At 142, the method 100 includes mapping each calculated force vector to one or more force-receiving locations of the model. The mapping may include mapping the calculated force vector to a "best match" force-receiving location. The selection of the best matching force-receiving location for the model depends on the pixel case selected for the corresponding pixel. The best matching force-receiving location may be, for example, the closest joint, vertex, or centroid. In some embodiments, a moment (i.e., a rotational force) may be applied to the model.
In some cases, a single pixel may be responsible for two or more different force vectors. As a non-limiting example, a certain pixel may be identified as a limb pixel occluding the torso after a snap operation, while the same pixel may be subsequently identified as a torso pixel after a grow operation (i.e., the limb has been moved away from the pixel address). In this case, the pixel may be responsible for the thrust to the limb for pushing the limb aside and the refined z-force to the torso for moving the torso to the appropriate depth. As another example, if a single pixel is located between two or more joints, two or more pixel forces may come from the single pixel. For example, a calf (mid-calf) pixel can move both the ankle and the knee.

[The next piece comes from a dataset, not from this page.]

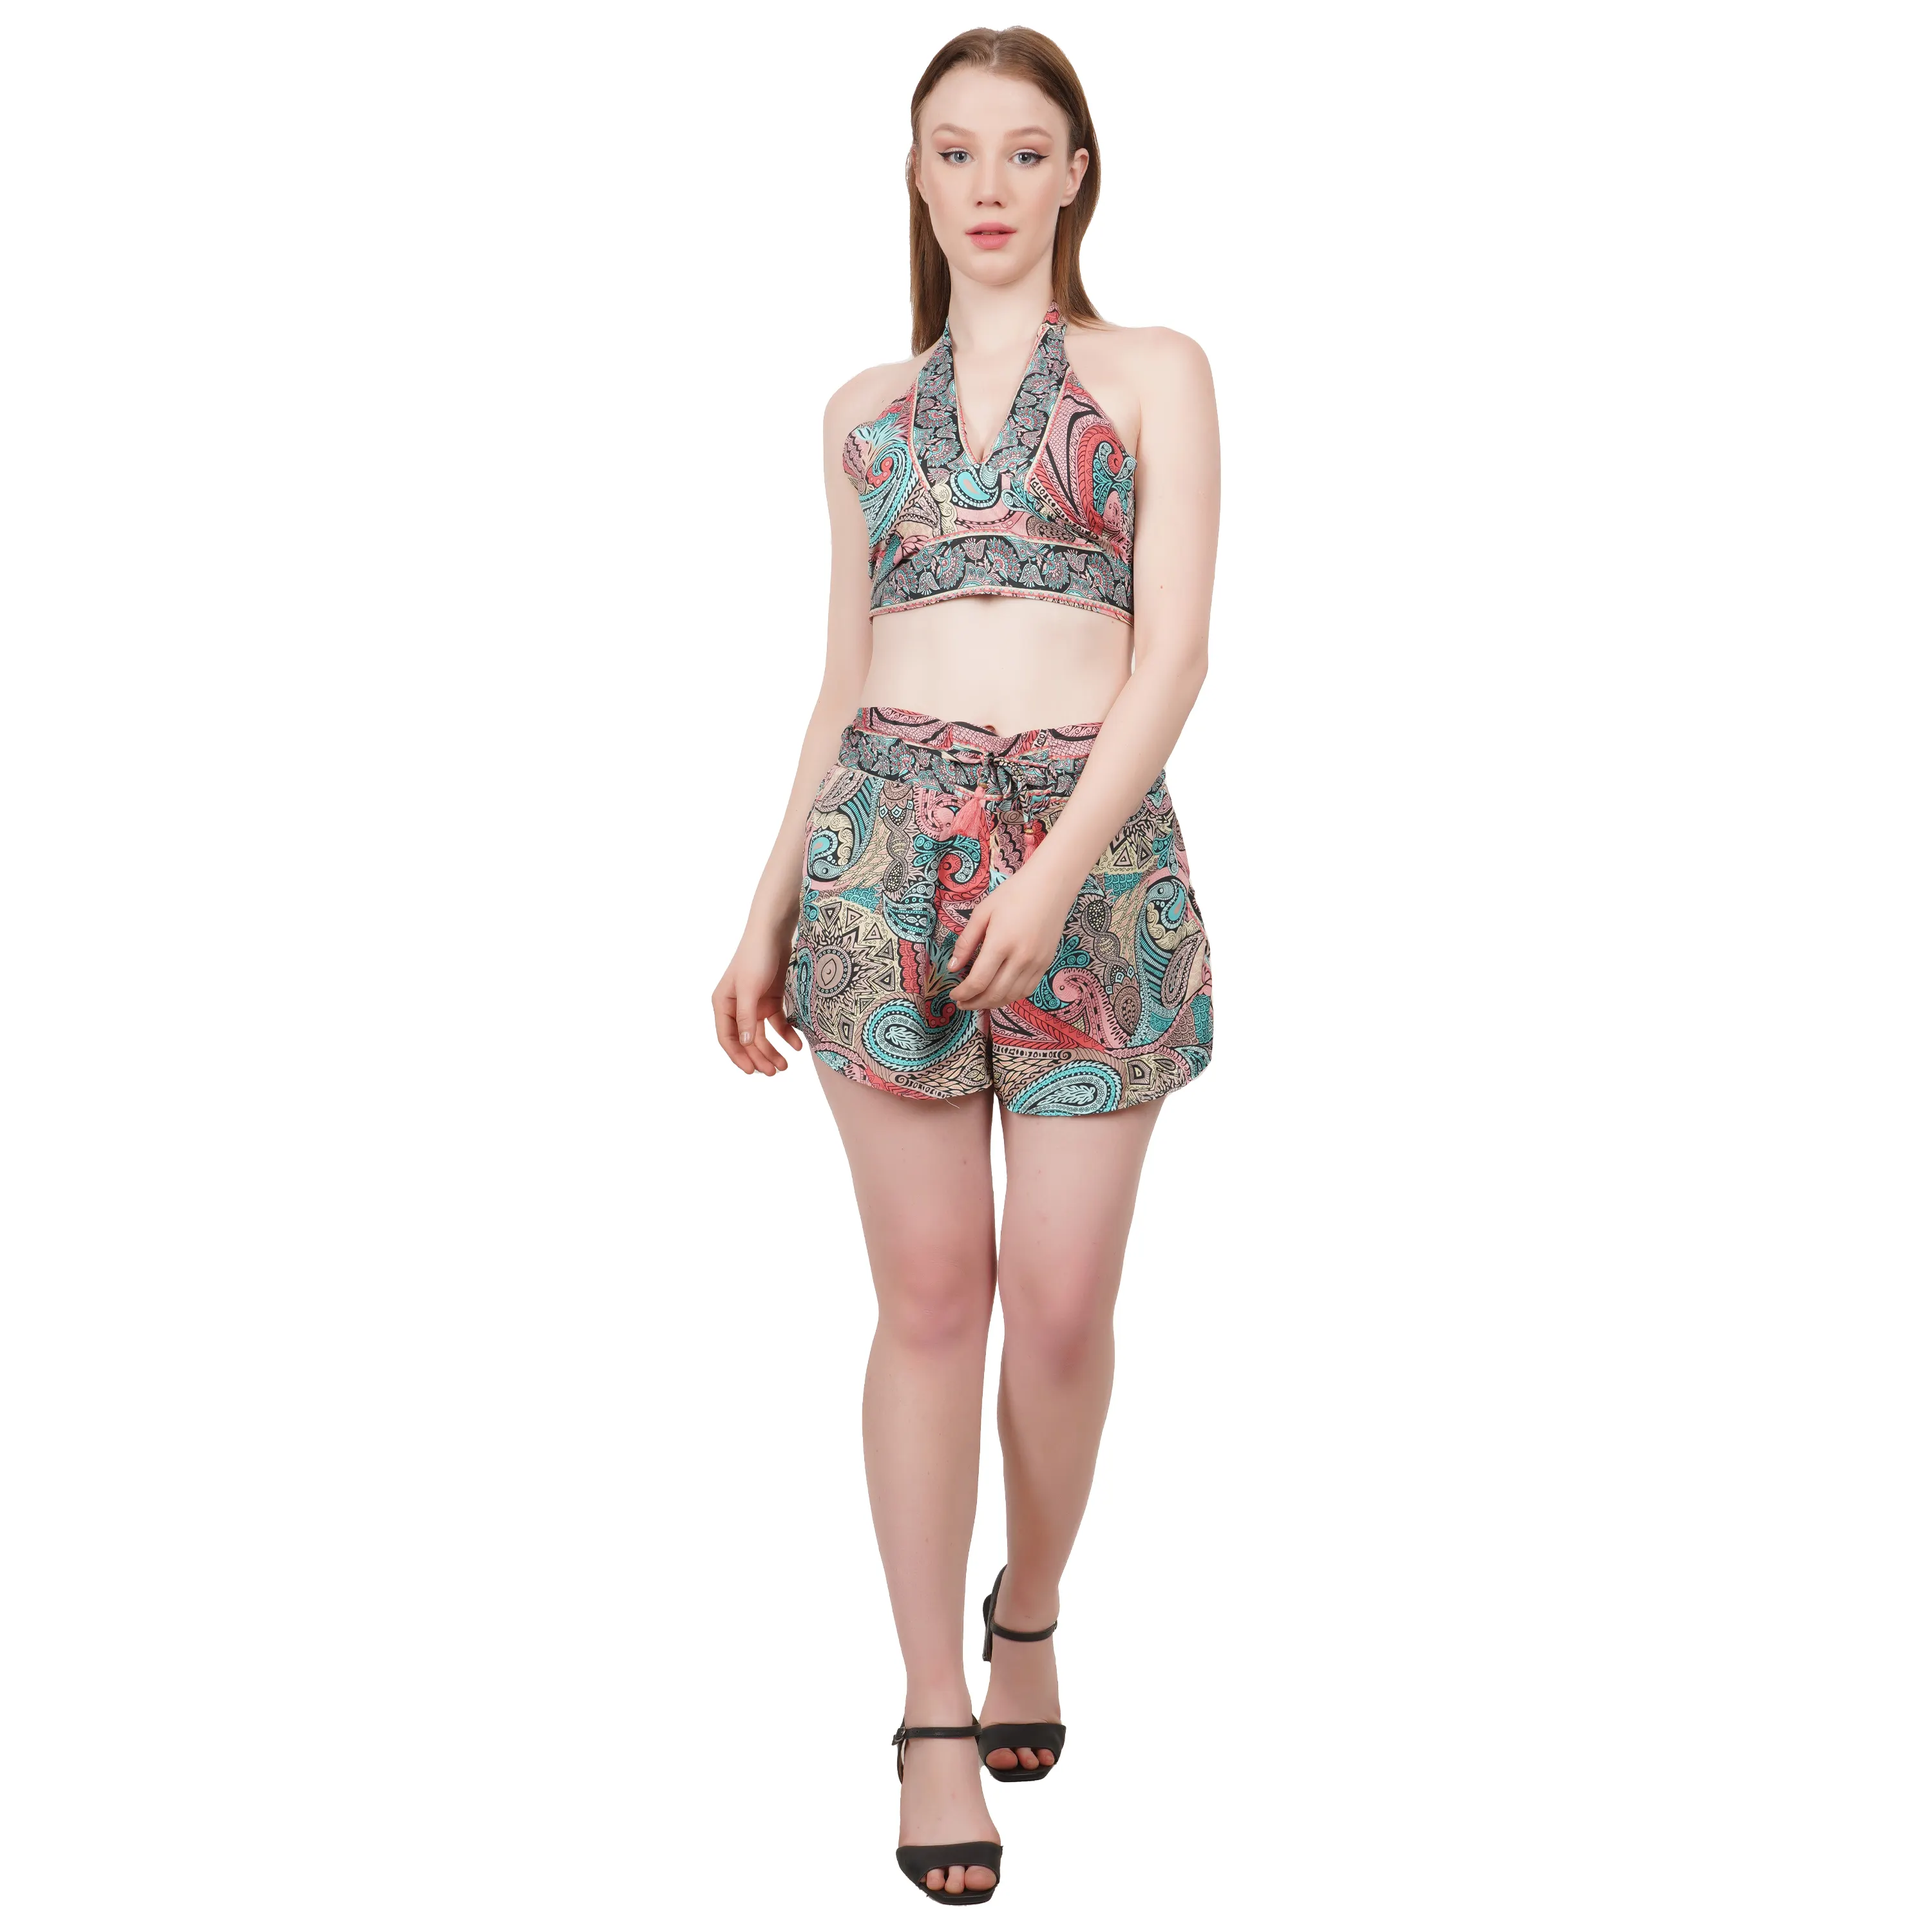 Best Offers Modern Designed Warp Top with Short Set with Floral Designed Pattern For Beach Wearing Dress

In general, at each pixel address, one or more pixel instances for the pixel address may be determined using a combination of the original player index, the snap player index, the grow player index, the original body-part index, the snap body-part index, the grow body-part index, the synthesized depth values, the snap depth values, the observed depth values, and/or other observed or synthesized data for the given pixel address.
FIG. 18 shows a table detailing an example relationship between the pixel case described above and the joints shown in the skeletal model 82 of FIG. 5 to which force vectors may be mapped. In the table, pixel examples 1-7 are abbreviated as follows: 1-pull (regular), 2-pull (occlusion), 3-push (regular), 4-push (occlusion), 5-refine Z, 6-magnetic pull, and 7-occlusion (no action). "force is applied? A "yes" entry in the column indicates that the joint of the row may receive force from the force vector. The "X" entry in the pixel case column indicates that the joint of the row may receive a force from the force vector corresponding to the pixel case of the column. It will be appreciated that this table is provided as an example. Which are not to be considered limiting. Other relationships between the model and the pixel case may be established without departing from the scope of this disclosure.

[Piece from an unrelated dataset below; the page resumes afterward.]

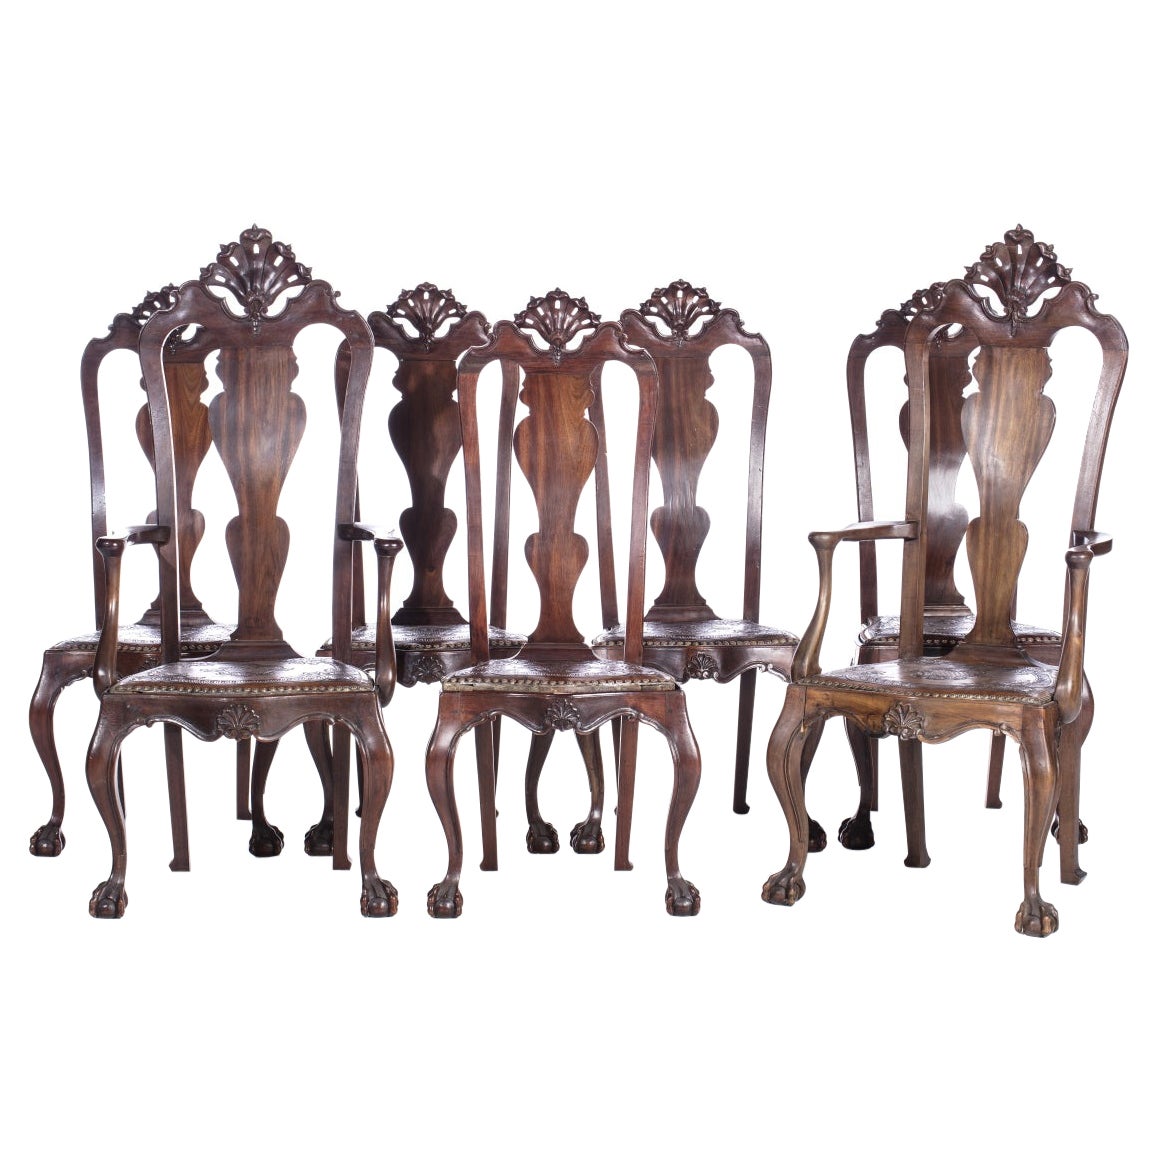 Five Chairs and Two Armchairs Portuguese of the 18th Century

In general, translation may be caused by forces having similar directions acting on the force-receiving locations of the model, while rotation may be caused by forces having different directions acting on the force-receiving locations of the model. For deformable objects, some components of the force vector may be used to deform the model within its deformation limits, and the remaining components of the force vector may be used to translate and/or rotate the model.
In some embodiments, the force vectors may be mapped to the best matching rigid or deformable object, sub-object, and/or polygon set of objects. Thus, some components of the force vector may be used to deform the model, while the remaining components of the force vector may be used to perform rigid translation of the model. This technique may result in a "disconnected" model (e.g., the arm may be severed from the body). As discussed in more detail below, a correction step may then be used to transform the translation into a rotation and/or apply constraints to tie the body parts together along a low energy path.
Further, in certain embodiments, 142 of the method 100 includes mapping more than one force vector. For example, a first synthesized pixel having a body-part index corresponding to an arm of the human target may have been classified with a first pixel case, while a second synthesized pixel having a body-part index corresponding to a torso of the human target may have been classified with a second pixel case. In this case, the first force vector of the first synthesized pixel may be calculated according to the first pixel case, and the second force vector of the second synthesized pixel may be calculated according to the second pixel case. Accordingly, a first force vector may be mapped to a first force-receiving location of the model, where the first force-receiving location corresponds to an arm of the human target. Accordingly, a second force vector may be mapped to a second force-receiving location of the model, where the second force-receiving location corresponds to the torso of the human target.
FIGS. 11A and 11B show a very simplified example of applying force vectors to a model, in the example shown, a skeletal model 180. For simplicity, only two force vectors are shown in the illustrated example. Each such force vector may be the result of the addition of two or more different force vectors resulting from the pixel case determination and force vector calculation of two or more different pixels. Typically, the model will be adjusted by a number of different force vectors, each force vector being the sum of a number of different force vectors determined from pixel instances of a number of different pixels and calculated from the force vectors.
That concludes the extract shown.